Ingestion

Overview

Language models (LMs) are powerful, but they don’t have information about your private documents. Ingestion (or Document Processing Orchestrator–DPO) lets you process documents and store them into a retrieval source (e.g., vector database, graph database, SQL database) so they can be used later in the Retrieval process.
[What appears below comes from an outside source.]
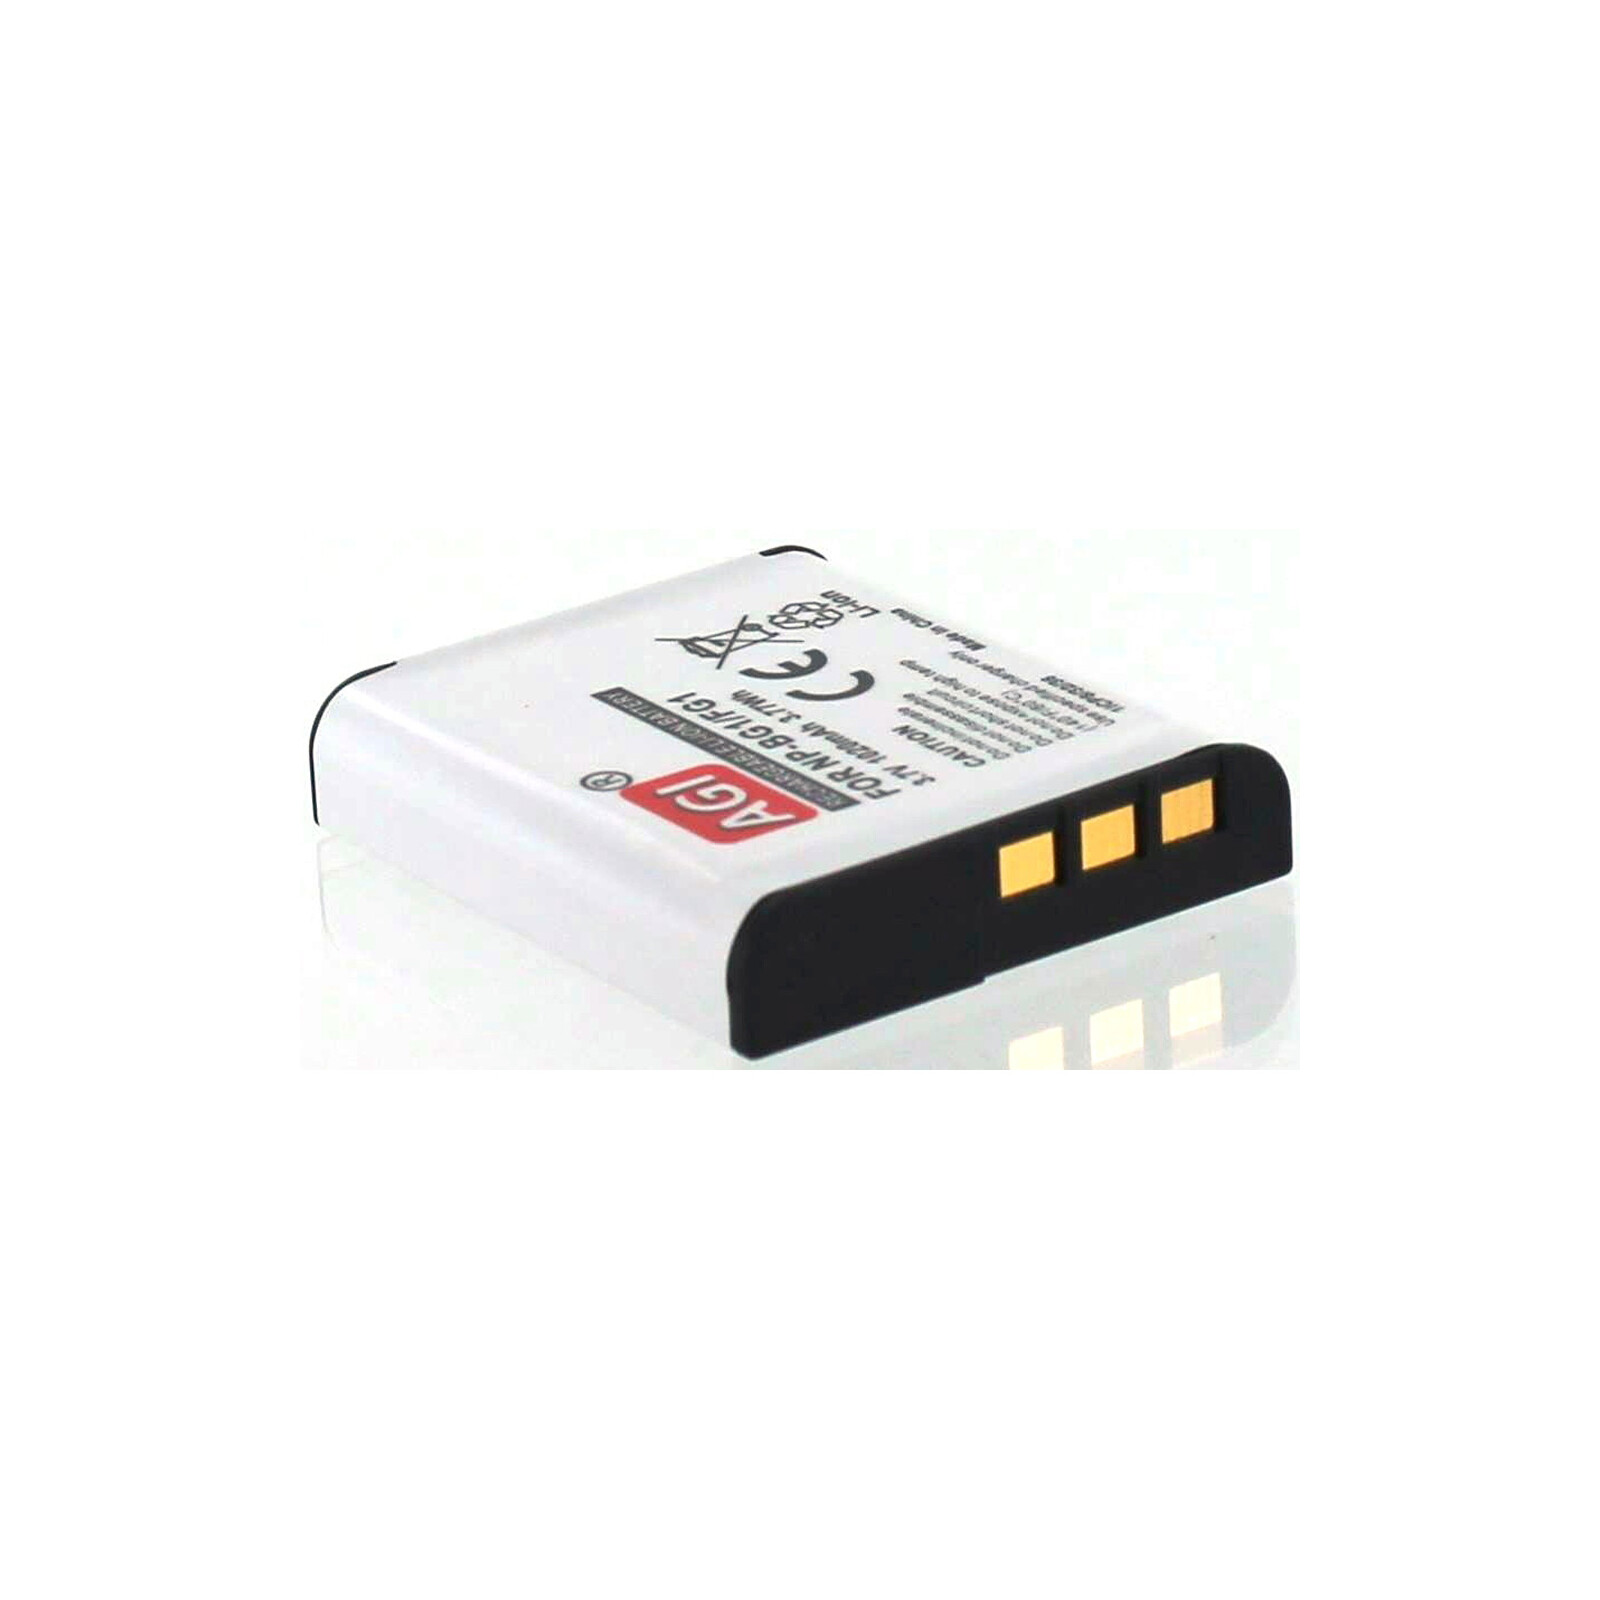 AGI 74380 Akku Sony DSC-W230
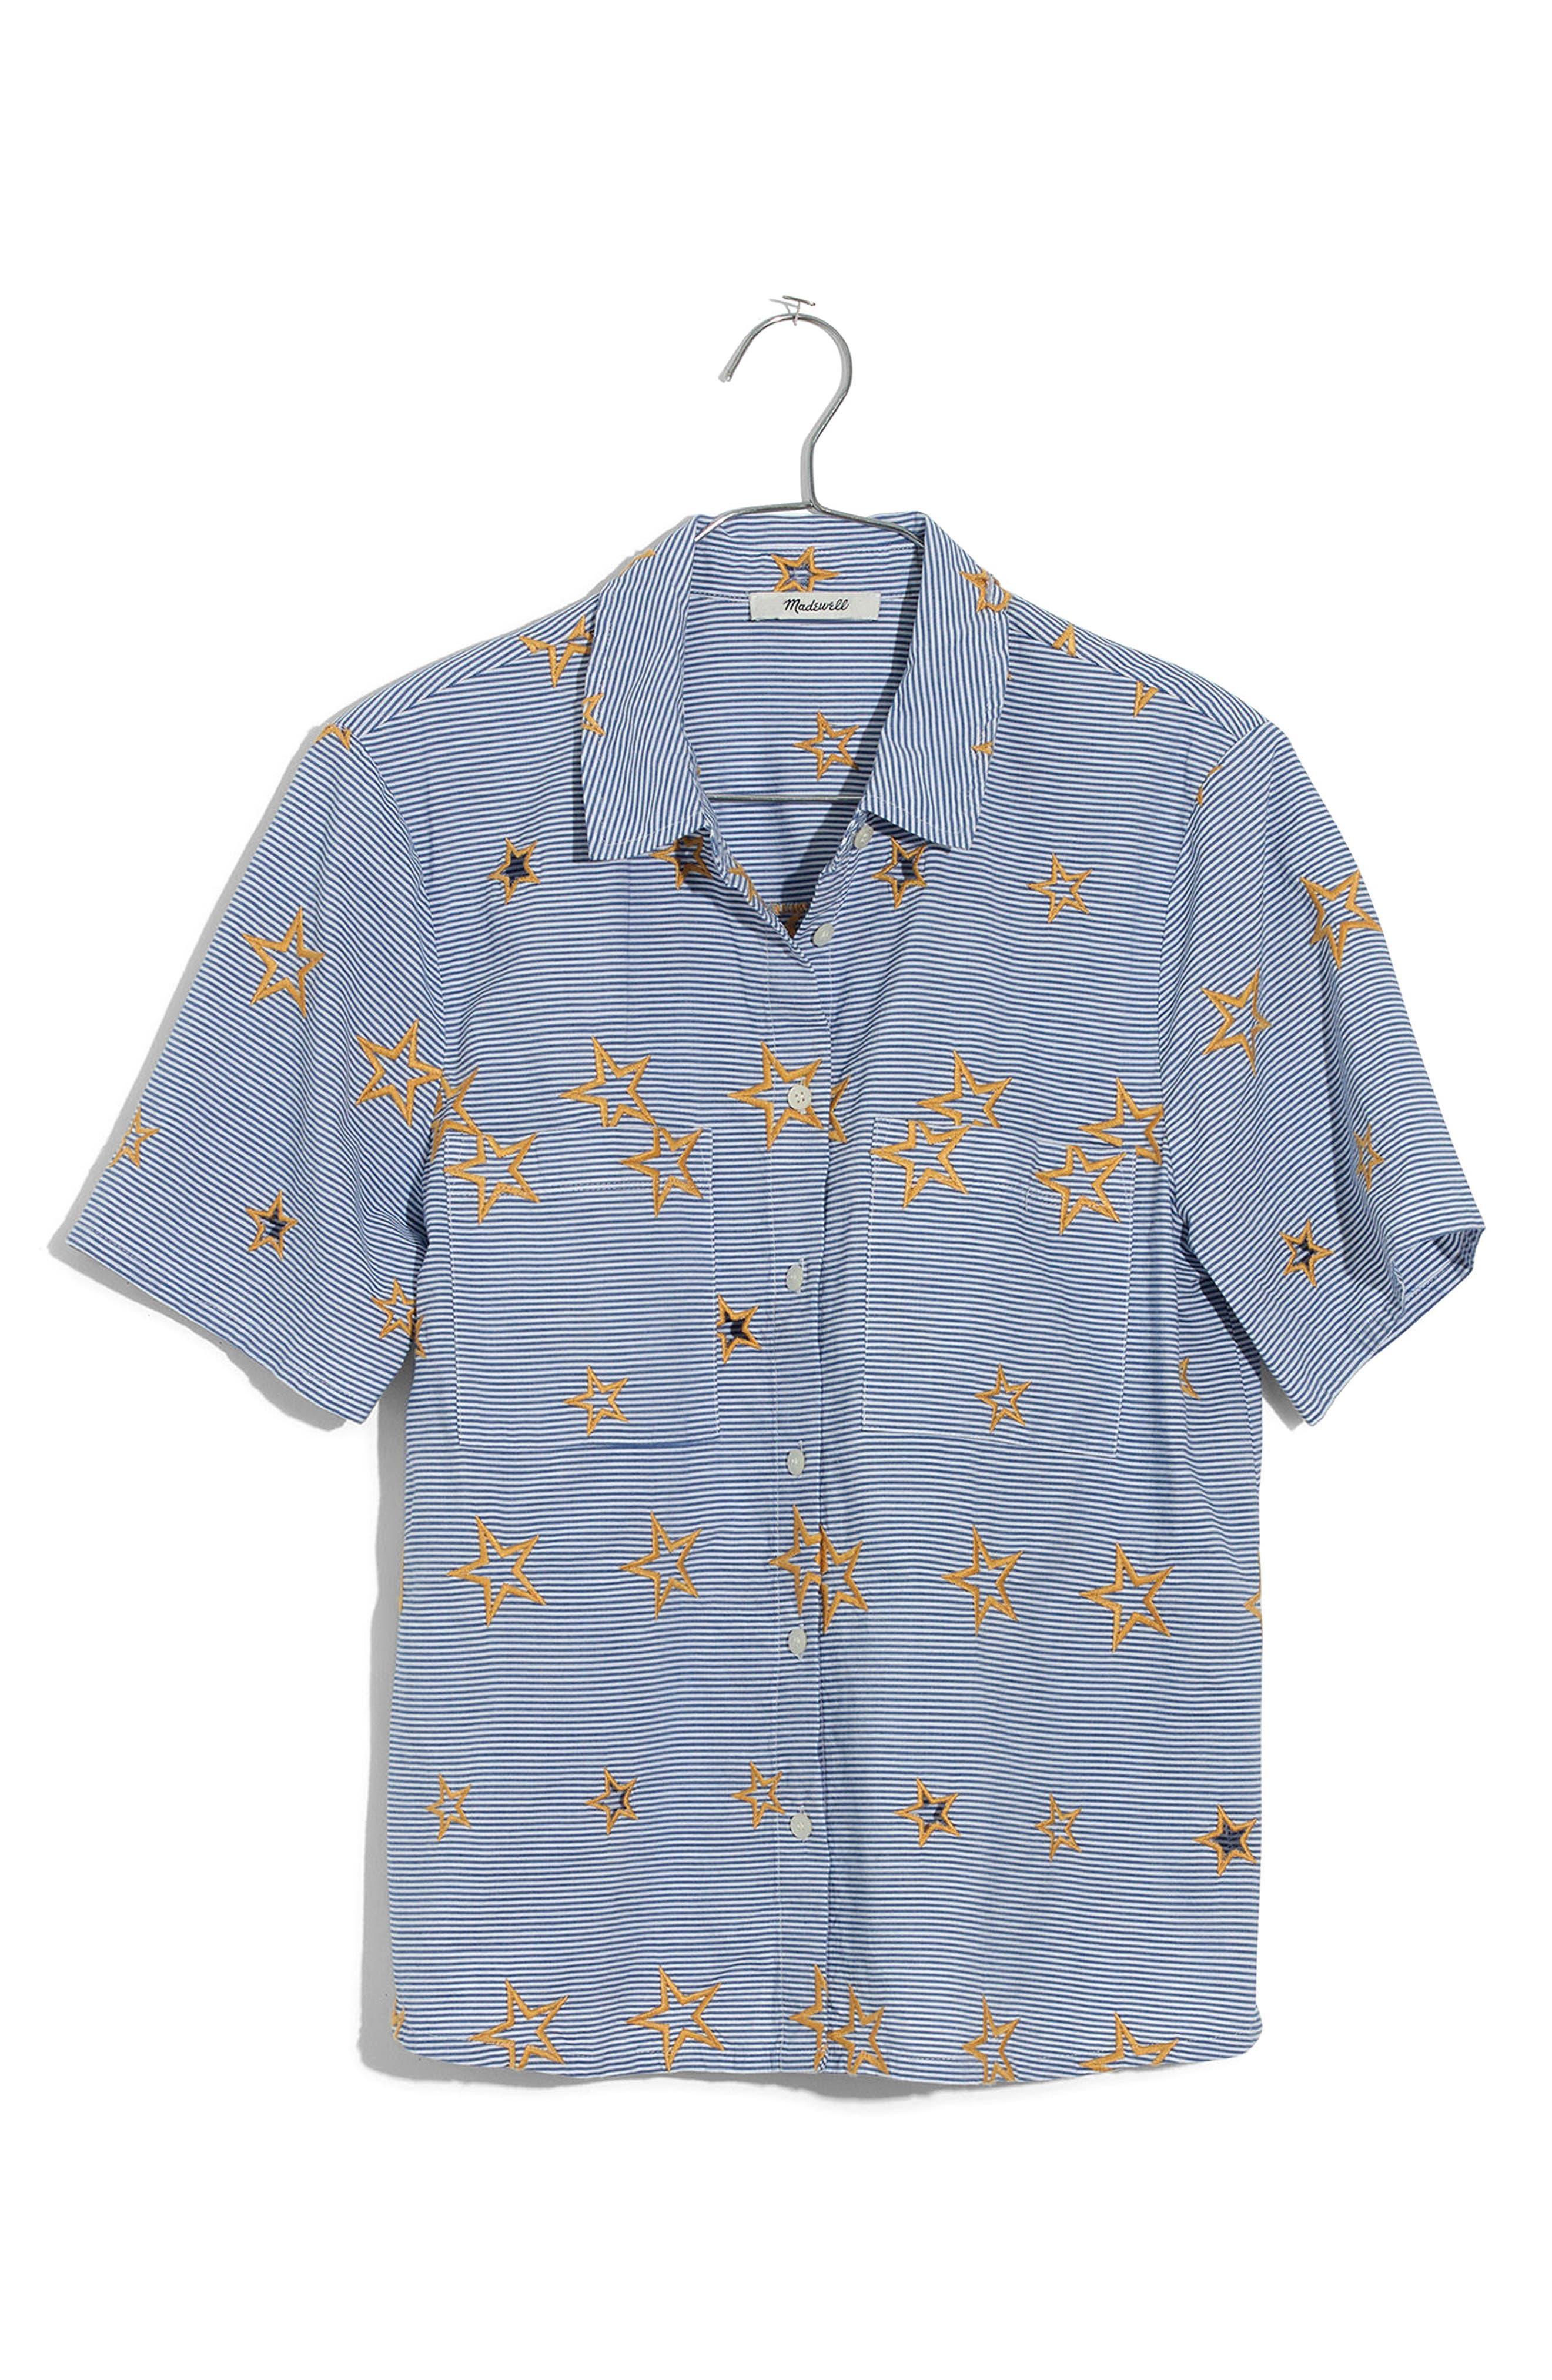 Star Embroidered Stripe Shirt,                             Alternate thumbnail 4, color,                             400

At a high level, ingestion enables you to:

Extract data from documents (e.g., PDF, DOCX, HTML, etc.)
Chunk the data
Enrich the data with additional metadata
Index the data into a retrieval source

Core Design Pattern

Structure

At its core, an ingestion pipeline is a staged, modular flow. Each stage has a single responsibility and produces an explicit artifact (usually a JSON-like intermediate), so you can swap components without rewriting everything. Each stage is also optional, you can mix and match based on your needs.

Typical stages:

Router – chooses the correct sub-pipeline/component variants (e.g., pick Downloader/Loader/Parser based on file type).
Downloader – downloads resources from a given source and saves them into files.
Loader – extracts raw elements/text from a file/source into a standardized intermediate format (text + structure + metadata).
Parser – refines/derives element structures based on Loader output (e.g., classify into header/title/paragraph/table/image, etc.).
Chunker – splits structured elements into retrieval-friendly chunks.
Data Generator – enriches data with more information (e.g., metadata augmentation).
Indexer – indexes processed data into a datastore (e.g., vector DB, graph RAG).

Capabilities

In typical ingestion implementations, you’ll often need these capabilities:

Multi-source ingestion: DPO can ingest from different upstream sources via Downloaders (e.g., direct URL, Google Drive, HTML crawlers).
Standardized intermediate representation: Loader outputs a consistent schema (text, structure, metadata) to make downstream processing uniform.
Structure-aware parsing: Parser assigns/normalizes structures (header/title/heading/table/image/etc.), improving chunking and indexing quality.
Chunking strategies: Chunker supports different chunking approaches (e.g., structured element chunking, table chunking).
Metadata enrichment: Data Generator enriches extracted/chunked content with more information.
Multi-store indexing: Indexer supports indexing into different data store targets (e.g., Vector DB, Graph RAG).

Implementation Patterns

Five implementation patterns are provided below, sorted by customization level (low → high). Use these as “reference architectures” for deciding how much to build vs reuse.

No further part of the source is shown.